No entanto, em muitos casos essas ações foram limitadas e de curta duração. Pior, outros países estão começando a recuar, a retirar proteções legais. Não se posicionam enquanto a violência é usada para atingir as mulheres, incluindo ativistas dos direitos humanos que protestam contra estes recuos.
A perseverança da violência contra mulheres e meninas levou à aquiescência de que é de alguma forma inevitável ou impossível de acabar. Esta visão é tão ultrajante e autodestrutiva como totalmente equivocada. Apesar dos desafios do ano passado, as Nações Unidas, com financiamento significativo e em parceria com a União Europeia, demonstraram que a mudança é possível.
Ao longo de 2020, a Iniciativa Spotlight para eliminar a violência contra mulheres e meninas apresentou resultados notáveis em 25 países. Foram adotadas ou reforçadas oitenta e quatro leis e políticas para proteger mulheres e meninas. A acusação de perpetradores aumentou 22%. Cerca de 650 mil mulheres e meninas receberam apoio, apesar dos confinamentos e das restrições de mobilidade. Cerca de 900 mil homens e meninos — incluindo líderes tradicionais, chefes de instituições religiosas, motoristas de táxi e jovens jogadores — comprometeram-se a se tornar aliados na busca de soluções. E, nesses países, as dotações orçamentais nacionais para a prevenção e a resposta à violência contra mulheres e meninas aumentaram em 32%, um indicador claro de sustentabilidade futura.
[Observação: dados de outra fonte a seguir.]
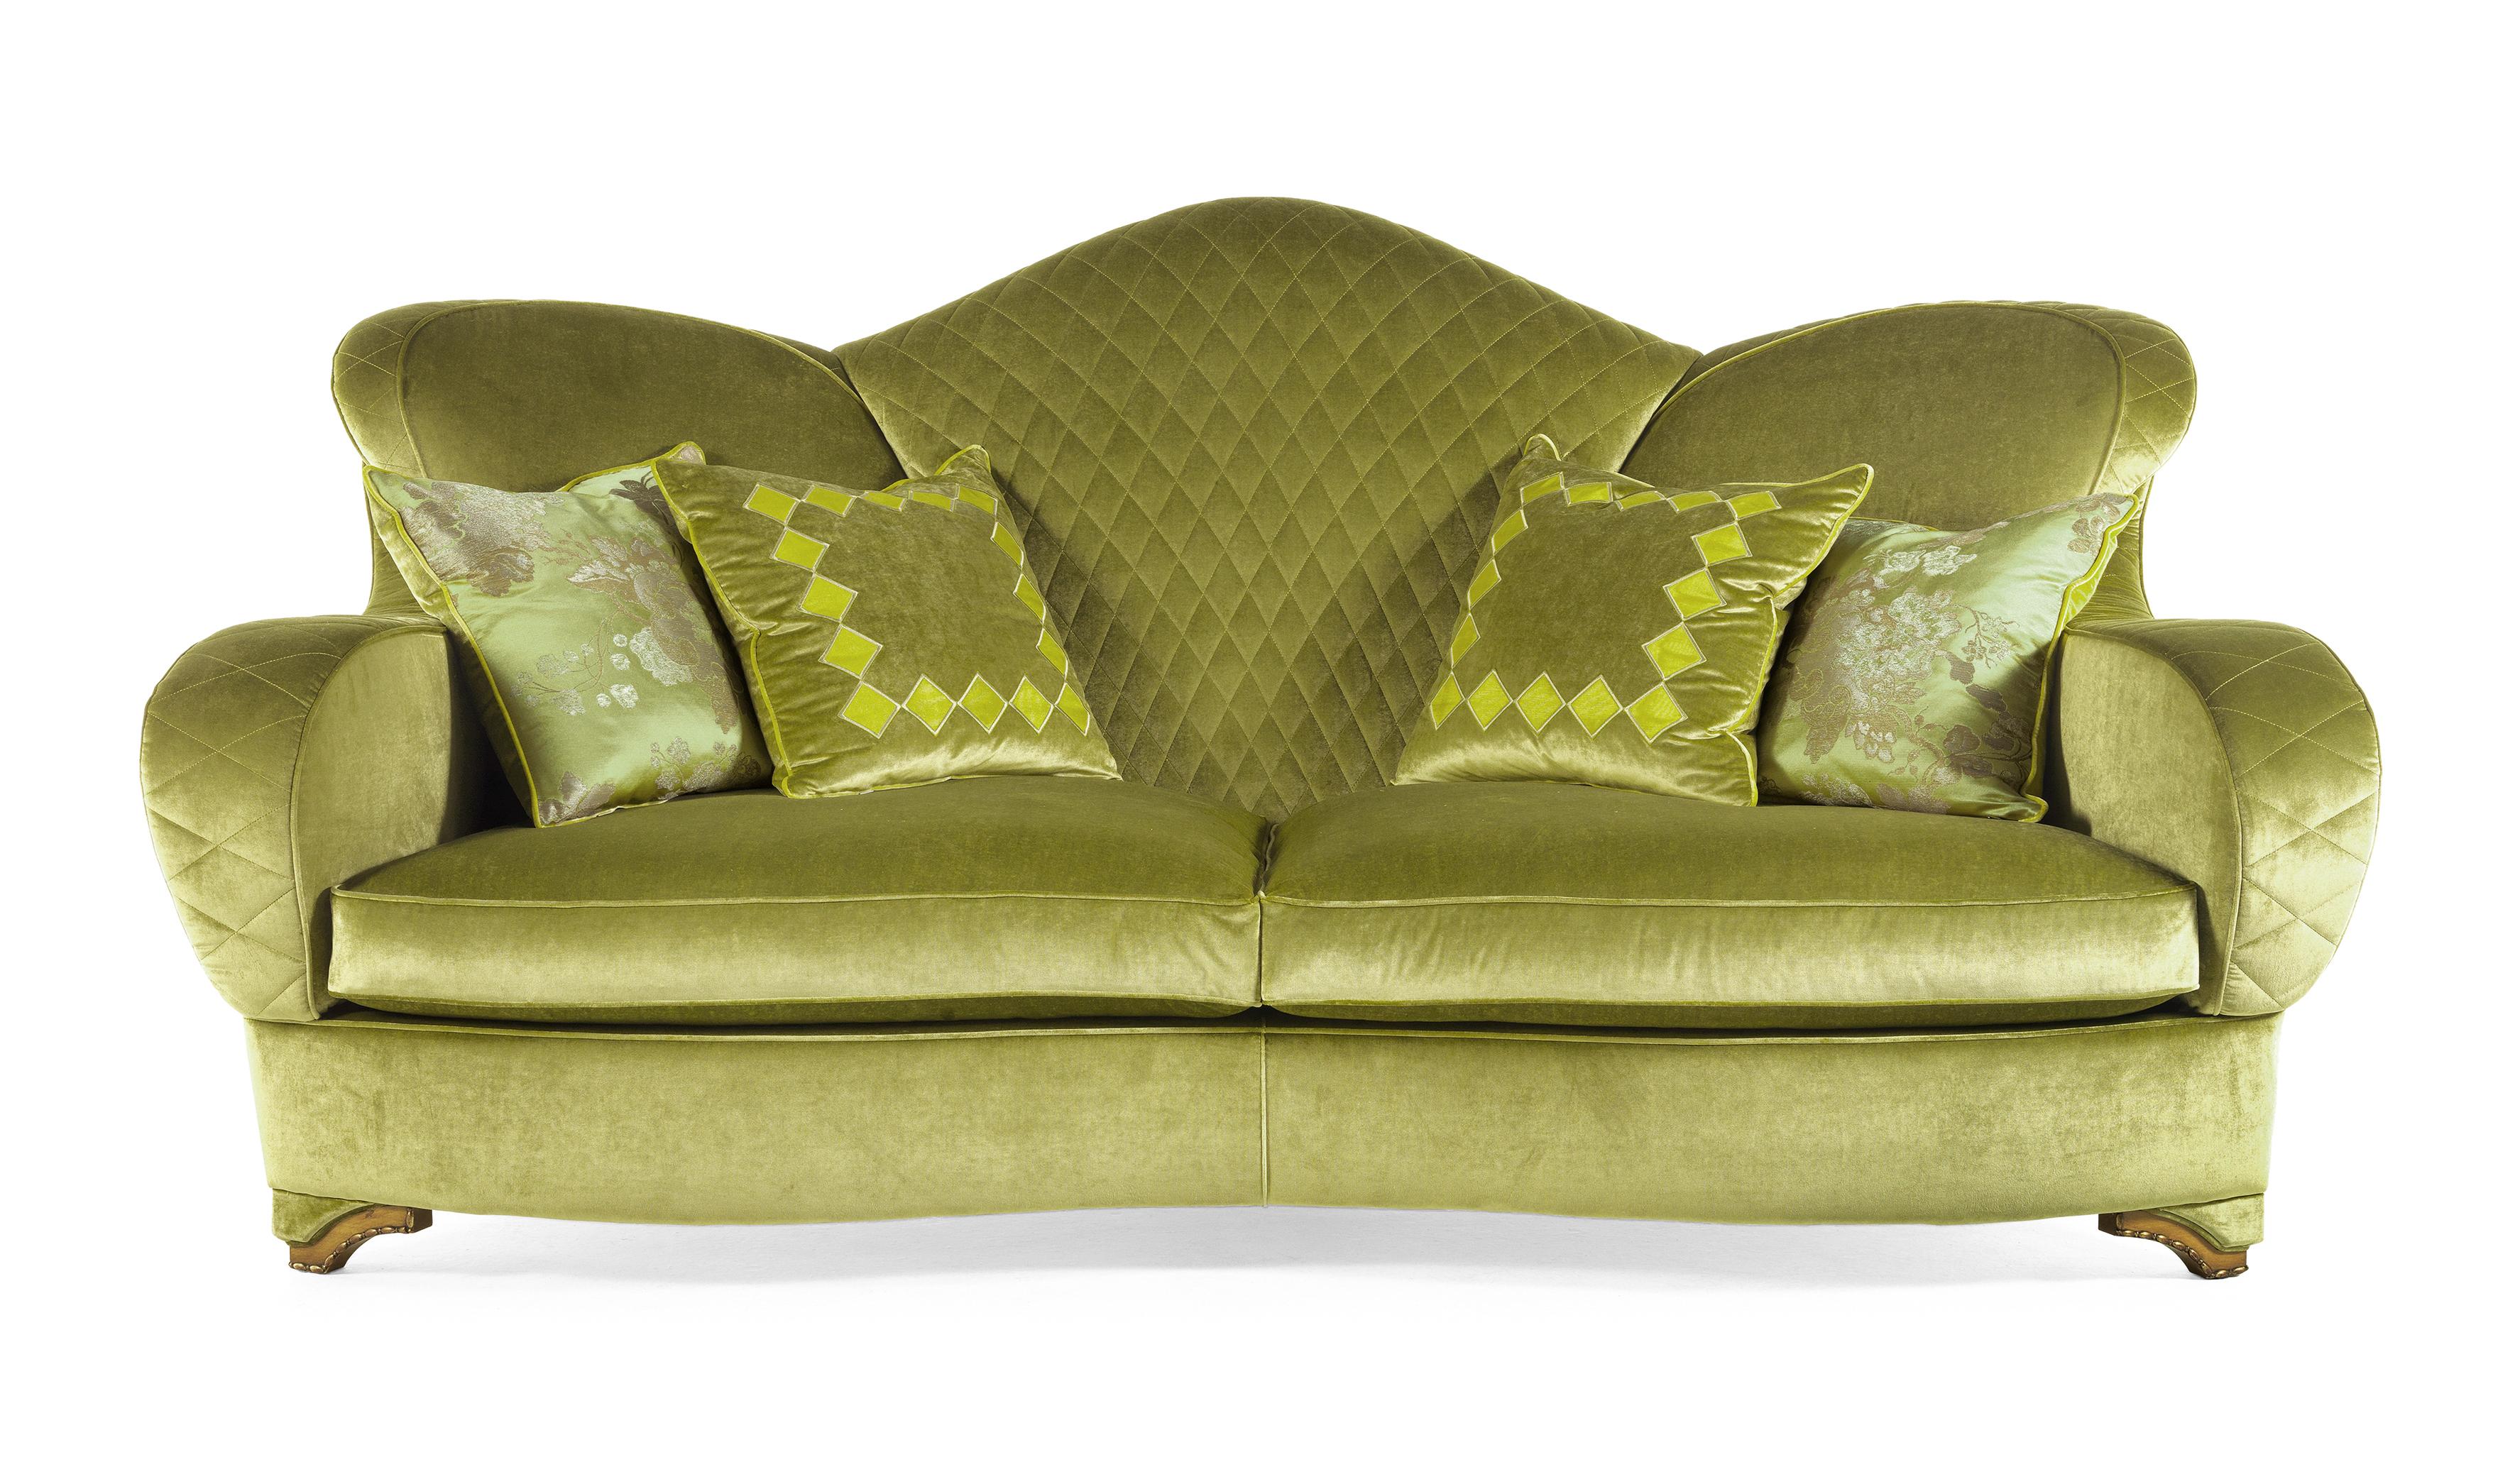 Classic three-seat sofa with sinous and unexpected shape, the ENEA sofa is upholstered in green velvet and the fresh and innovative design is enriched by a geometric embroidery on the backrest and armrests. Standard components of absolute quality
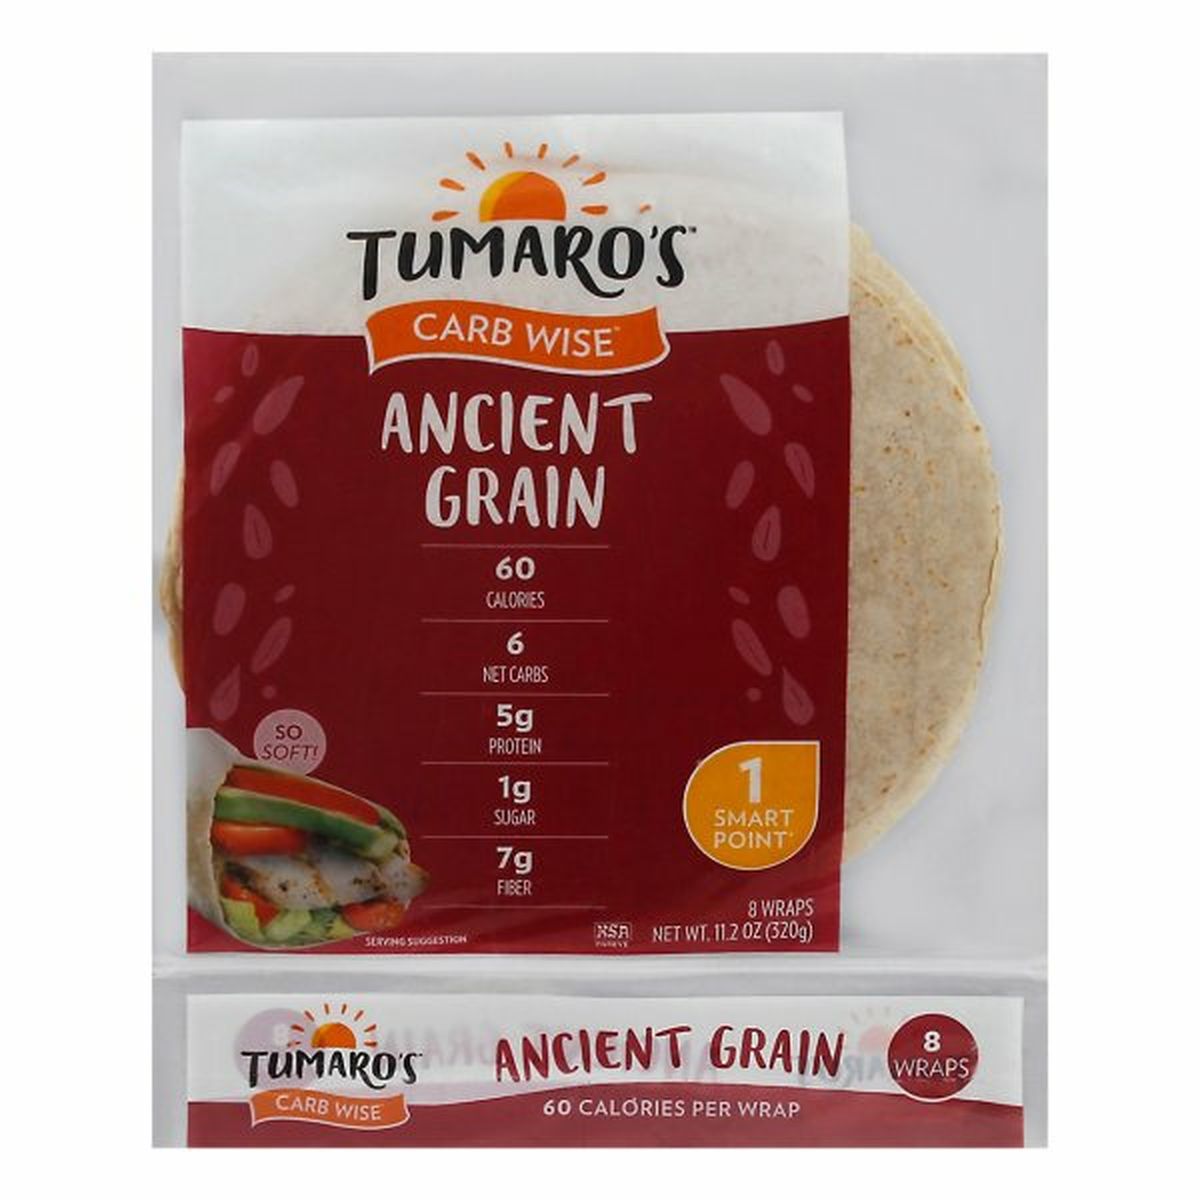 Calories in Tumaro's Carb Wise Wraps, Ancient Grain

Ao reunirmo-nos, em Paris, em torno de um modelo que funciona, podemos começar a garantir que a próxima geração de jovens mulheres não viva com medo simplesmente porque não agimos. Com o tempo, aprenderemos várias lições sobre o que o mundo fez de bem e de mal ao lidar com esta pandemia. E uma das primeiras deve ser garantir que esta vergonhosa pandemia oculta, que atinge metade de nossa população, termine agora.